Jul 23, 2009

Anything You Can Do, I Can Do Better

So, I have been traipsing from room to room with my lovely National Geographic horse book, trying to decide what to write about next on my blog. And right there, on page 16 is a photo of a woman in jockey silks, weighing in. The first time I saw it I did a literal double-take. Mind, this book was published in 1923, so it was a bit shocking to me to think that women jockeys existed prior to the 1960s. There's no context for the photo, no commentary. It's as if the authors randomly put it in at the last minute, like "What? What's the big deal?! Girl jockeys, they're totally everywhere."

The funny thing is that they're not. Run a Google search. Go ahead, I'm waiting. Seriously, there are slim findings when you run any permutation of girl, woman, female, jockey. You come up with the biggies the the latter part of the century, but what about this woman? The one staring out at me from page 16?! Clearly some women, somewhere were racing horses.

So, that was the start of the fact-finding mission yesterday that caused me to waste several hours of my afternoon. But the important thing is that it bore fruit, in the digging up of a couple of names of female jockeys prior to the 1960s.

The first was the first female jockey ever recorded, Alicia Meynell, in 1804. Hell yeah, I said 1804. It all started entirely by accident, as she was out for a leisurely ride through the country with her sister's husband (ahhh, yes, doing things with a sibling's spouse has been the cause of many an argument in my own personal life) when they quarreled about who had the better horse. Apparently, they decided to answer that question on the spot, and Alicia emerged victorious. The brother-in-law's ego was quite bruised and he, of course, challenged her to a 'real' re-match at a proper track. (As a sidenote: this totally sounds like the set-up for a Harlequin romance, doesn't it? And it totally gets better. I'm serious, any romance authors, you need to be on this.) In kind of the best part of the story, which I am hoping is true and if it isn't, then don't spoil the awesomeness of this fantasy, Alicia turns up to the match, "in a dress designed to look like leopard-skin, with blue sleeves, a buff-colored vest and a blue cap." Okay, so she loses the race, but COME ON. Obviously she was fabulous and totally before her time. She was made for Dynasty. She did race again and won, again dressed fabulously. You HAVE to read the whole story here, in Sports Illustrated. She's pretty much my hero now.

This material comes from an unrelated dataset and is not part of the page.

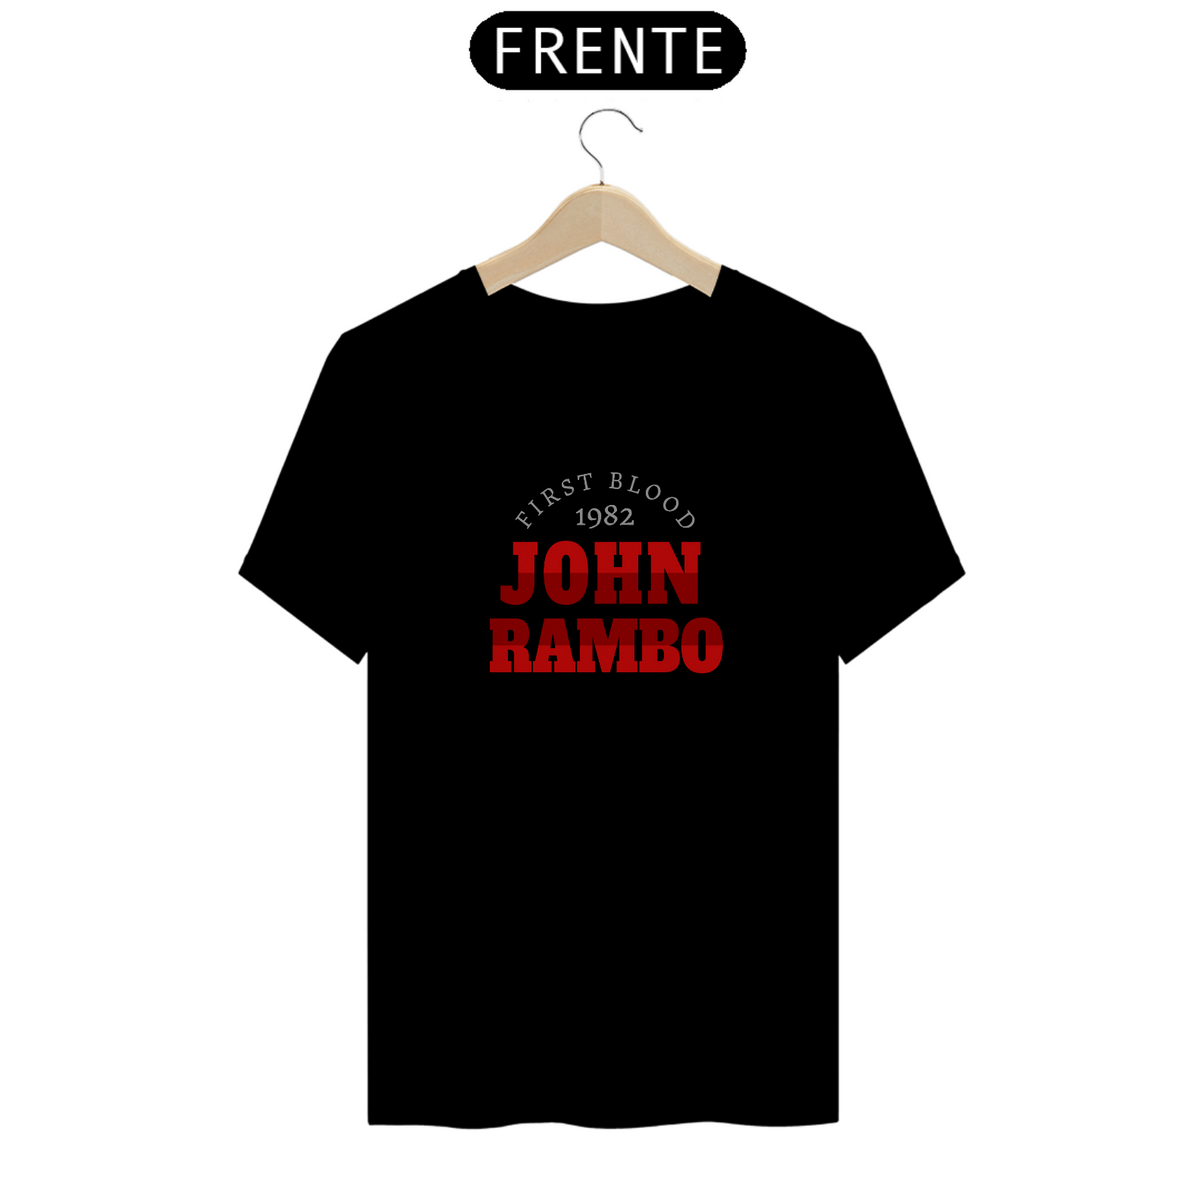 Nome do produto: Camiseta John Rambo

So, if that's too much of a silly, romance-worthy story for you, then I present my next subject, Wantha Davis. She, too, was equally fabulous in a less obviously girly way. This woman raced in TB & QH tracks from Tijuana to Vancouver throughout the 1930s, 40s and 50s. Her application for a license were repeatedly denied in state after state, despite winning over 500 races and against some prestigious male jockeys. Check this snippet out: "In 1949 thousands of spectators crossed the border from San Diego to Agua Caliente, Mexico, to watch her outrace the great Hall of Famer Johnny Longden by a length and three-quarters in a six furlong match race. The three-time national champion was so mad he yanked off his tack and refused to weigh out. Hall of Famer Glen Lasswell was also defeated by her at Agua Caliente, as was Hall of Fame rider Basil James in Nebraska." KICK ASS.

But mainly, without a license, she was relegated to the terrifyingly rough-and-tumble backwoods tracks, where I am hugely impressed that she thrived and had a solid career, despite what I imagine were majorly tough circumstances. You can read about her at her website. She has some awesome photos here, and if you don't look at anything else, you have to see this phenomenal video of her at Ladies' Day for the 9th Pimlico Classic.

There are more, but I won't tax your eyes and just stick with these gals today.